The Pontifical Council for Promoting Christian Unity mourns the death on 10 April 2021 of Cardinal Edward Idris Cassidy, President of the Council from 1989–2001.
The term of office of Cardinal Cassidy was deeply inspired by the Encyclical Letter Ut unum sint (1995) of Pope John Paul II. Among many highlights, he promoted the resumption of the interrupted theological dialogue with the Orthodox Church, resulting in the publication of the Balamand Document (1993). He was also instrumental in the publication of the Common Christological Declaration (1994) between Pope John Paul II and Catholicos Patriarch Mar Dinkha IV of the Assyrian Church of the East, as well as the Christological declarations with the Armenian Catholicoi Karekin I (1996) and Aram I (1997). In 1999, on behalf of the Catholic Church, he signed the Joint Declaration on the Doctrine of Justification with the Lutheran World Federation. He also oversaw the publication of the updated Directory for the Application of Principles and Norms on Ecumenism (1993) and of The Ecumenical Dimension in the Formation of Those Engaged in Pastoral Work (1997).
Cardinal Cassidy accompanied Pope John Paul II on many apostolic visits, among them the 1999 visit to Romania in which he met with Patriarch Teoctist of the Romanian Orthodox Church, to Mount Sinai in 2000, and in 2001 a Jubilee Pilgrimage “in the footsteps of Saint Paul” including historical visits to Athens and Damascus. In the last years of his presidency, Cardinal Cassidy was highly committed to the ecumenical dimension of the events of the Great Jubilee of the Year 2000.
Cardinal Cassidy was also President of the Commission for Religious Relations with Judaism. During his mandate, the milestone document We Remember: A Reflection on the Shoah (1998) was published.

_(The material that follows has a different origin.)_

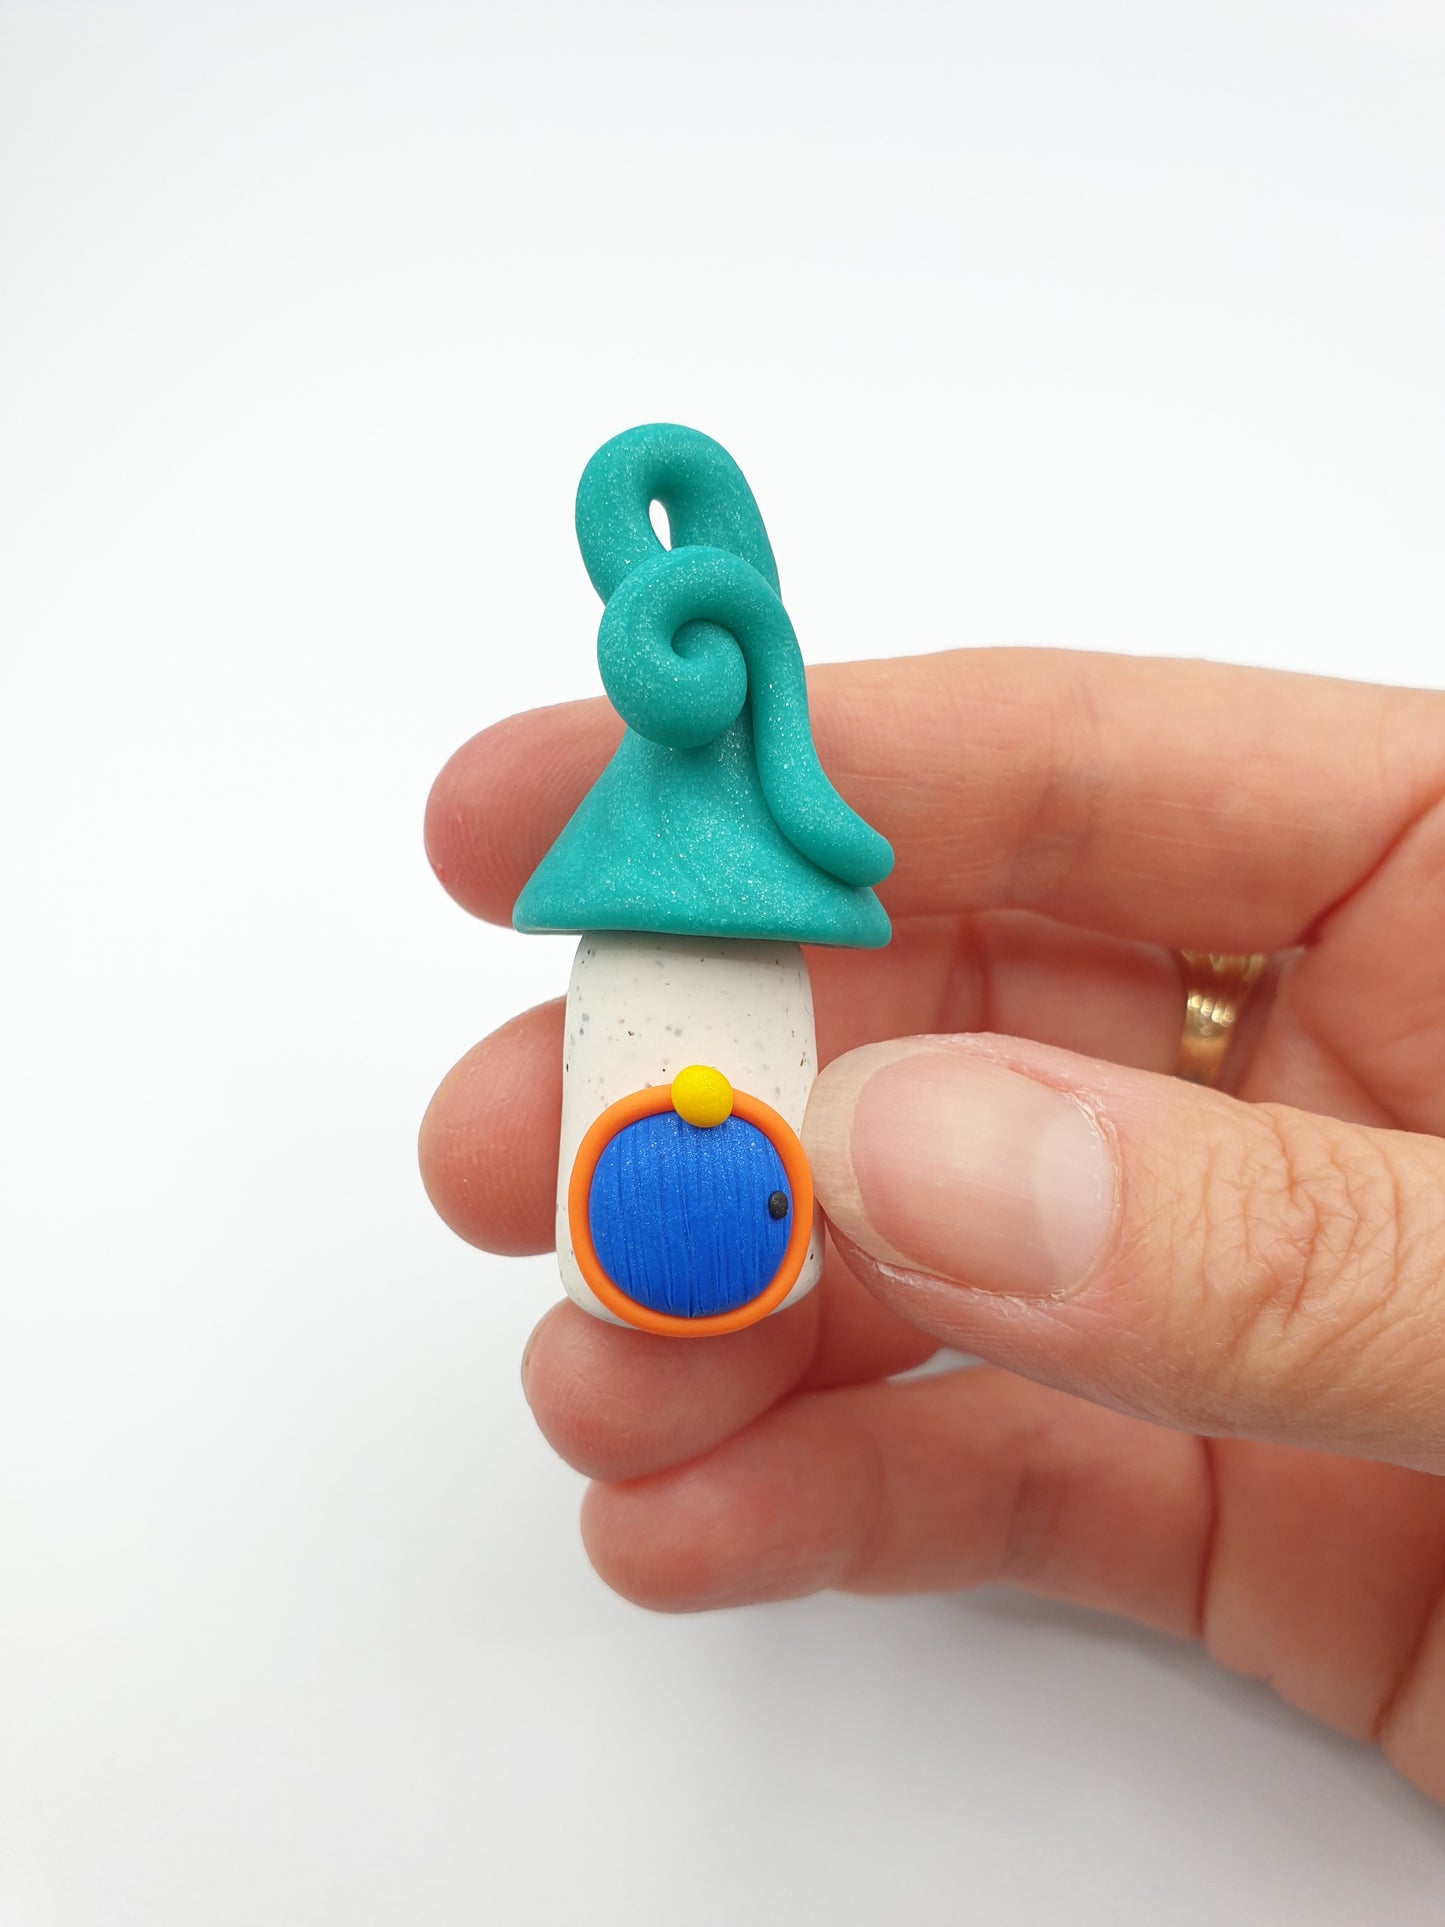 Miniature garden kit - turquoise blue

In 2000, he accompanied Pope John Paul II on a visit to the Holy Land, during which the Holy Father ushered in the dialogue with the Great Rabbinate of Israel, entrusting the deepening process of Catholic reconciliation with the Jewish people to Cardinal Cassidy’s wise leadership.

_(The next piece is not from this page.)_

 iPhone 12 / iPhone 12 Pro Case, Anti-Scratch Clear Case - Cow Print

On Cardinal Cassidy’s retirement, Pope John Paul II wrote, “Convinced that the progress of ecumenism was a central element in my own ministry and in view of the radical changes which came after the collapse of Communism, I judged that the Holy See needed your particular qualities and skills in its efforts to heal the historic wounds of division among Christians. Now I wish to thank you for all that you have achieved, not without great self-sacrifice, as a trusted partner in dialogue with the other Christian Churches and Ecclesial Communities, as well as in the excellent work you have done in building relations between the Catholic Church and Judaism. How many graces has the Lord granted his Church through your constant and effective cooperation” (26 February 2002).

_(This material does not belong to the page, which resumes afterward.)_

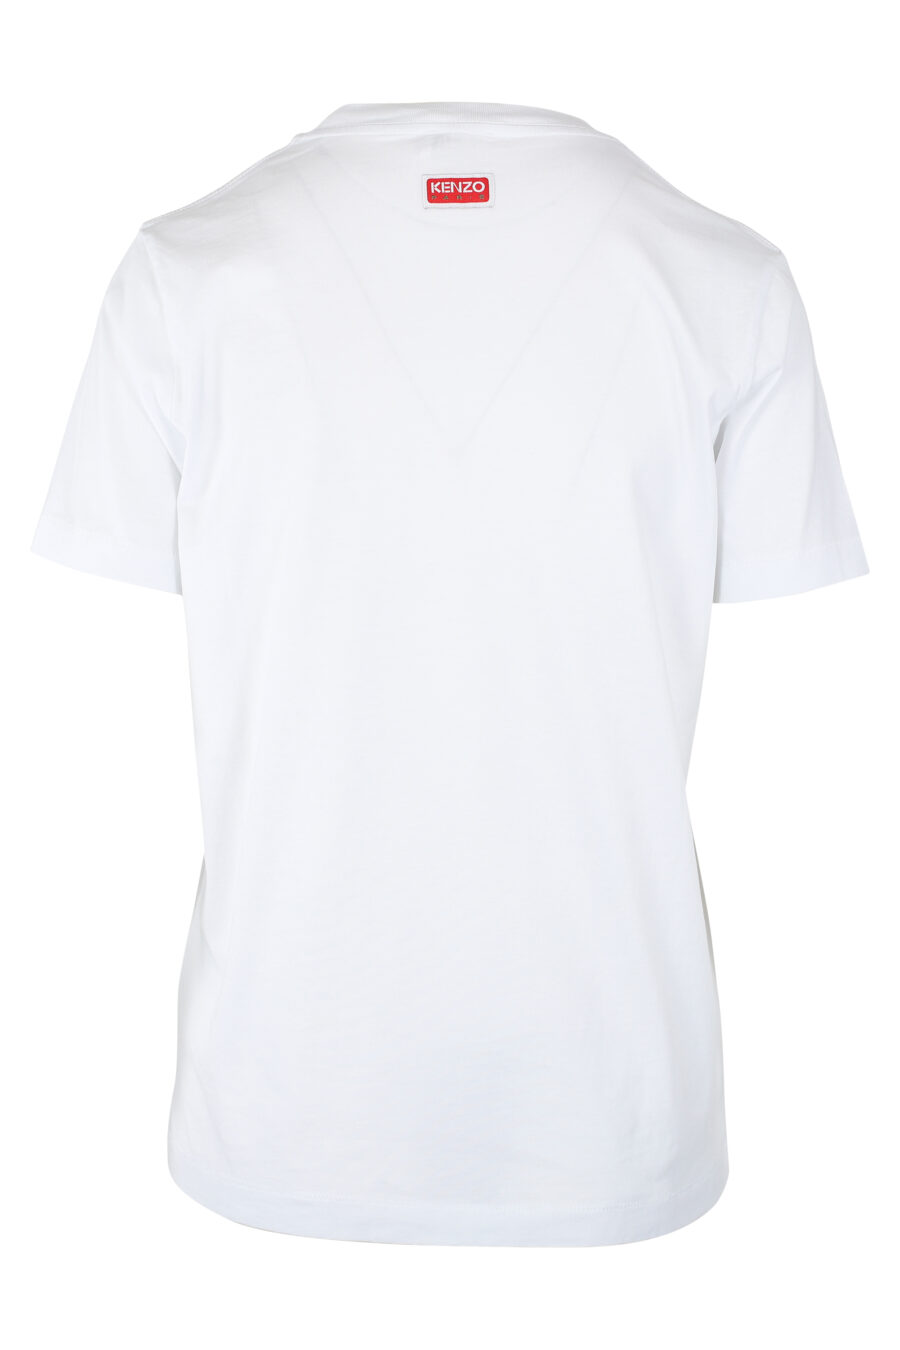 Weißes T-Shirt mit orangefarbenem Blumen-Maxilogo - IMG 9529

The Pontifical Council for Promoting Christian Unity remembers Cardinal Cassidy with gratitude for his many contributions, and in particular for his gift of healing wounded relationships, promoting reconciliation, and building trust as key attributes of ecumenical relations. The Pontifical Council recalls the encouraging words of Cardinal Cassidy’s farewell homily, “Continue then, dear brothers and sisters in Christ, to dedicate yourselves and your talents to the search for the ‘noble goal’ of Christian Unity. ‘Duc in altum’/Be ready to ‘go out into the deep’, putting all your trust and hope in the Lord who has entrusted you with this task” (12 June 2001).
Pope Francis sent a telegram of condolence to Archbishop Adolfo Tito Yllana, Apostolic Nuncio in Australia.